Thank you. Please manually test the various cases raised by the bugs and add cards to the QA lane to get CI tests written for these scenarios.
I still think the watcher doesn't need a set and a slice. Happy to discuss.

+ wc.AssertChange(loggingRel.Tag().Id())
+ wc.AssertNoChange()
+
+ // Adding a subordinate relation to another application doesn't notify this unit.
@wallyworld

wallyworld May 23, 2017

Owner

Can we just also add a subordinate relation that does trigger the watcher? I know it's elsewhere too, but to see the watcher trigger right next to the watcher not triggering is useful

+ return errors.Trace(err)
+ }
+ if shouldSend {
+ currentRelations.Add(relation)
@wallyworld

wallyworld May 22, 2017

Owner

we don't need both currentRelations and outputData do we?
we could use just a set, and use set.Values() to get the slice to send

@babbageclunk

babbageclunk May 22, 2017

Member

My concern with doing that was that in a pathological case when there's a problem with the downstream so the outgoing messages aren't getting picked up and the current relations set is getting bigger and bigger, then each time you get one more relation you loop across all of the accumulated set to recreate the output slice, so it becomes O(n^2).

@wallyworld

wallyworld May 23, 2017

Owner

i don't quite follow. currentRelations set and outputData slice are updated/reset in sync; we are just duplicating data.
If there's nothing reading from the other end of the channel, this sending side will block regardless of whether a set or slice is used.
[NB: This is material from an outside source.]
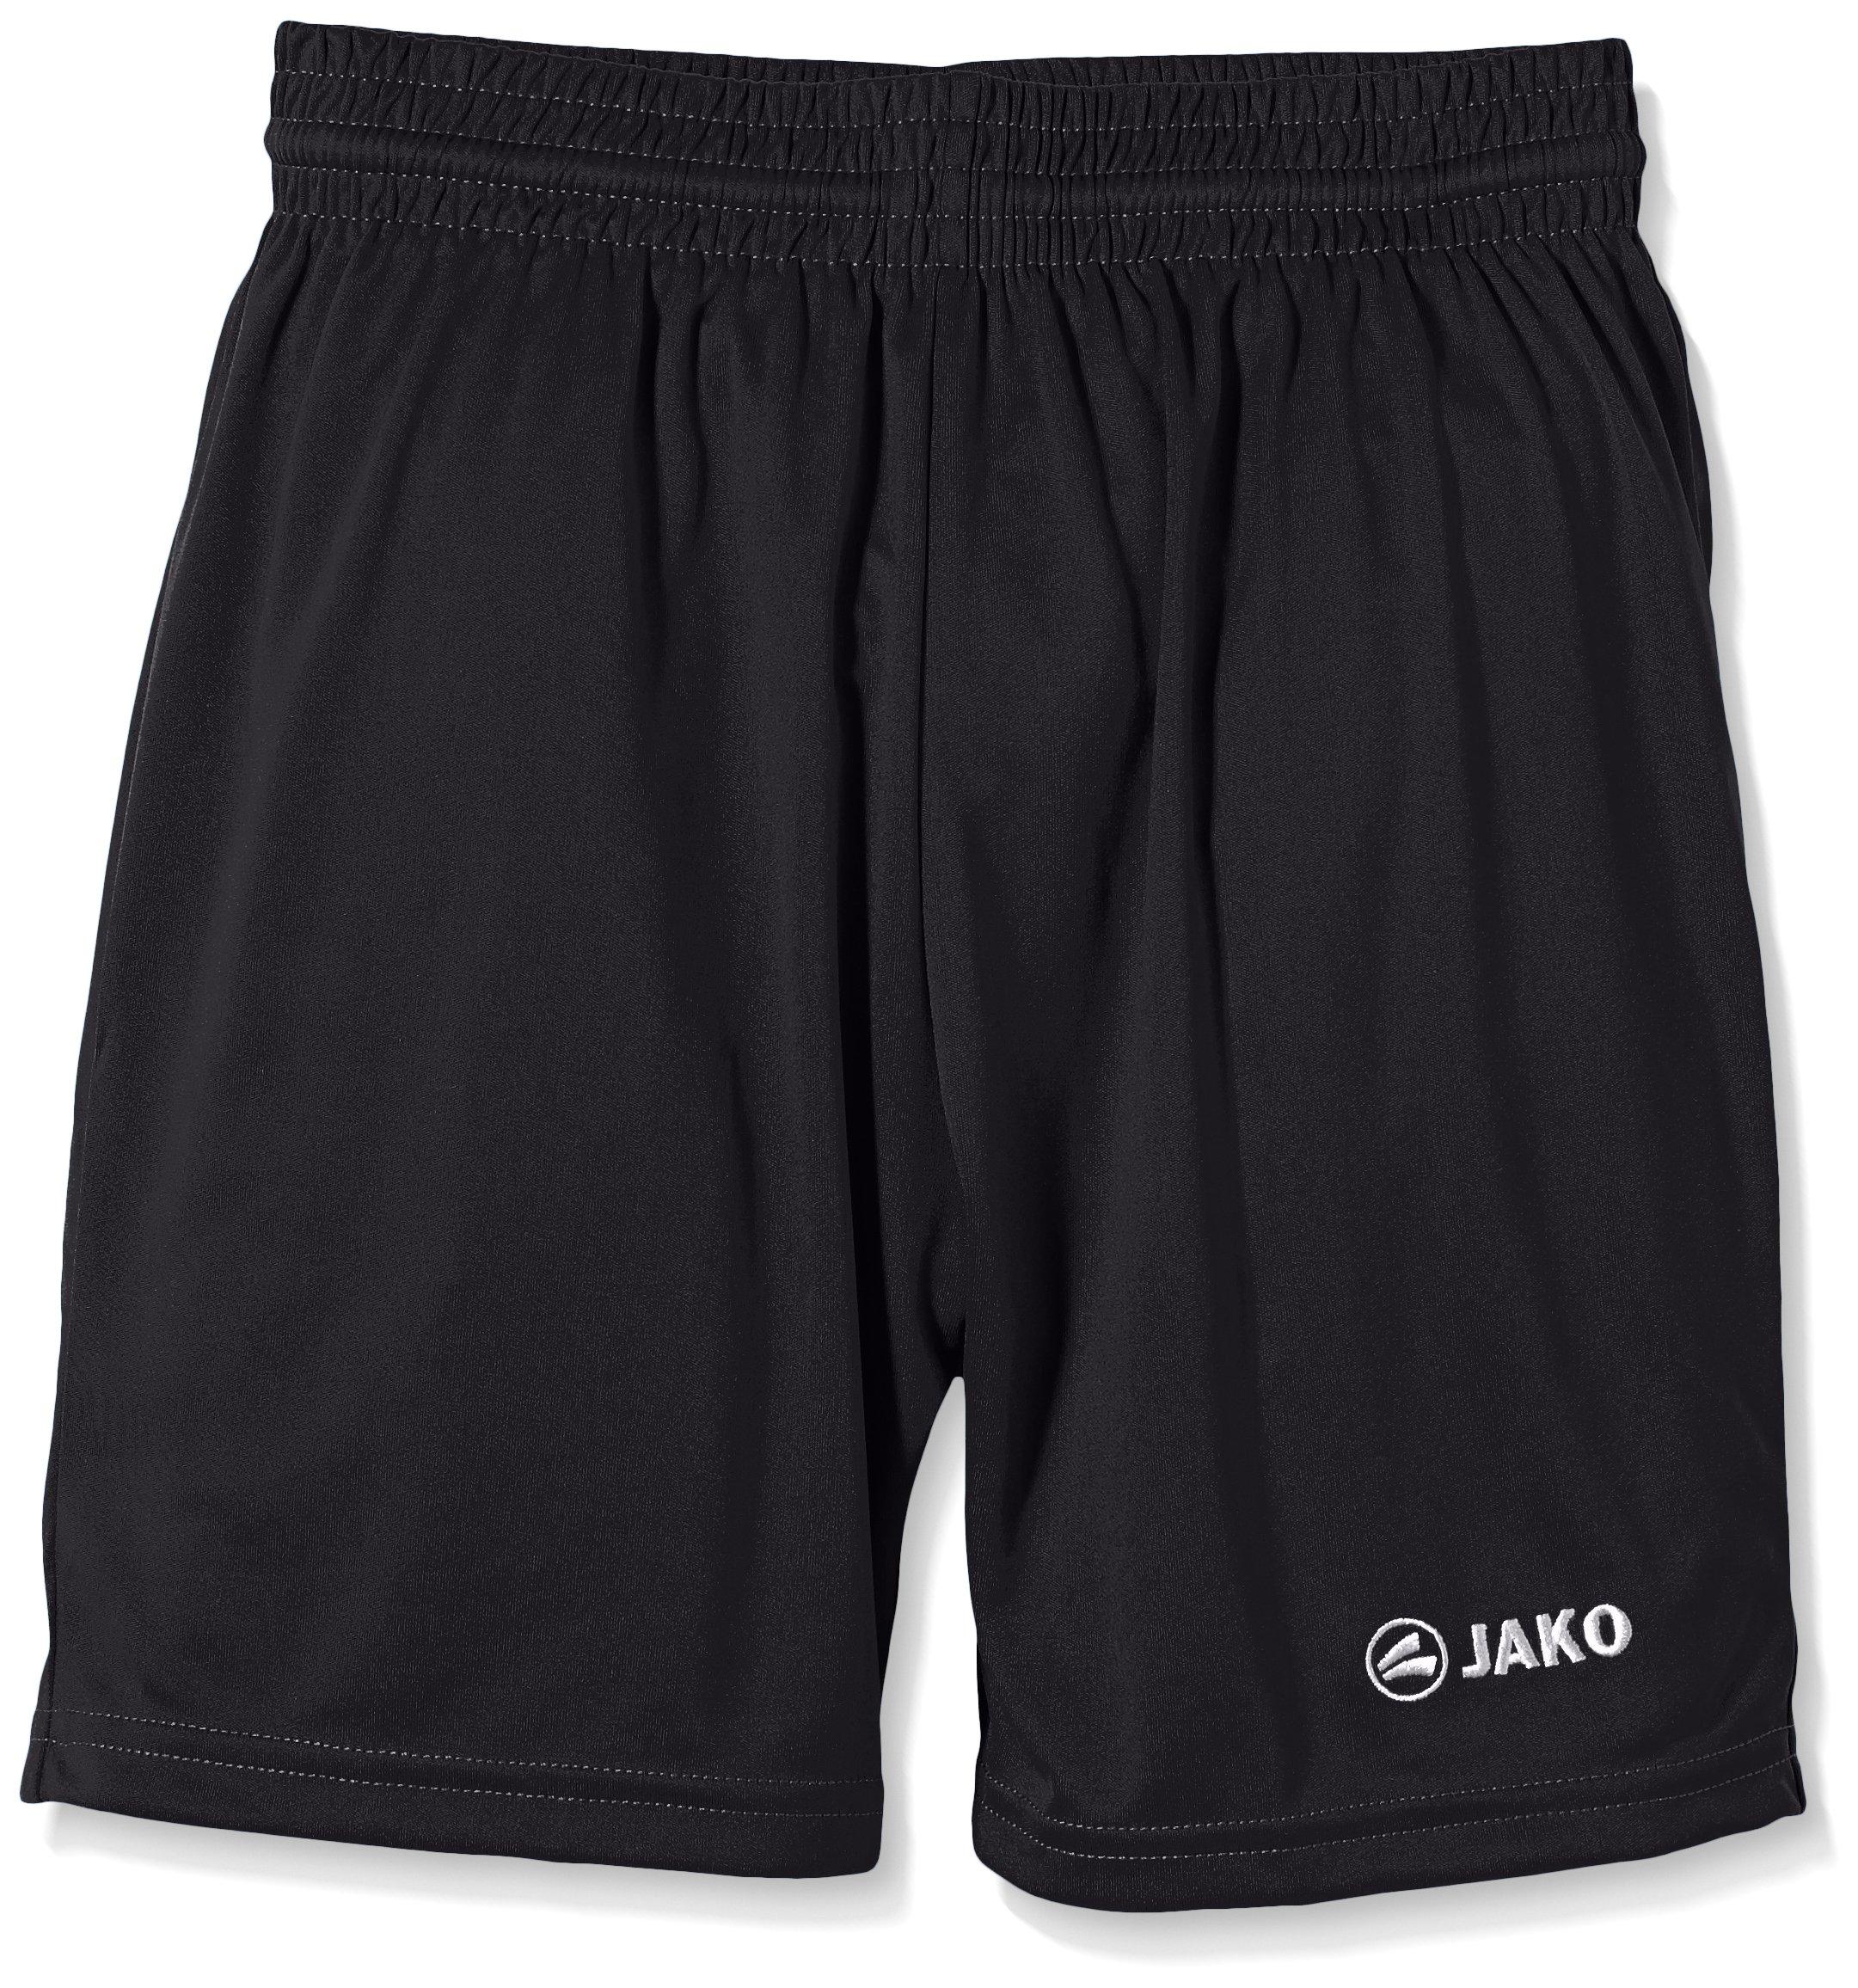 Jako Kinder Sporthose Manchester Shorts, Schwarz, 5-6 Jahre (Herstellergröße:

So I don't think worrying about accumulating several relations in a set is something that we should be concerned with.

@babbageclunk

babbageclunk May 23, 2017

Member

If there's nothing reading on the out channel then we can still receive more on the input side. Each time around the loop we'd need to loop through the set to collect it into a slice (with .Values()), so if you got 100 different relations in separate events with nothing reading from the output then you'd have collected slices with 5050 elements.
But that's a crazy number of relations, really, so I think you're right - it's not necessary here.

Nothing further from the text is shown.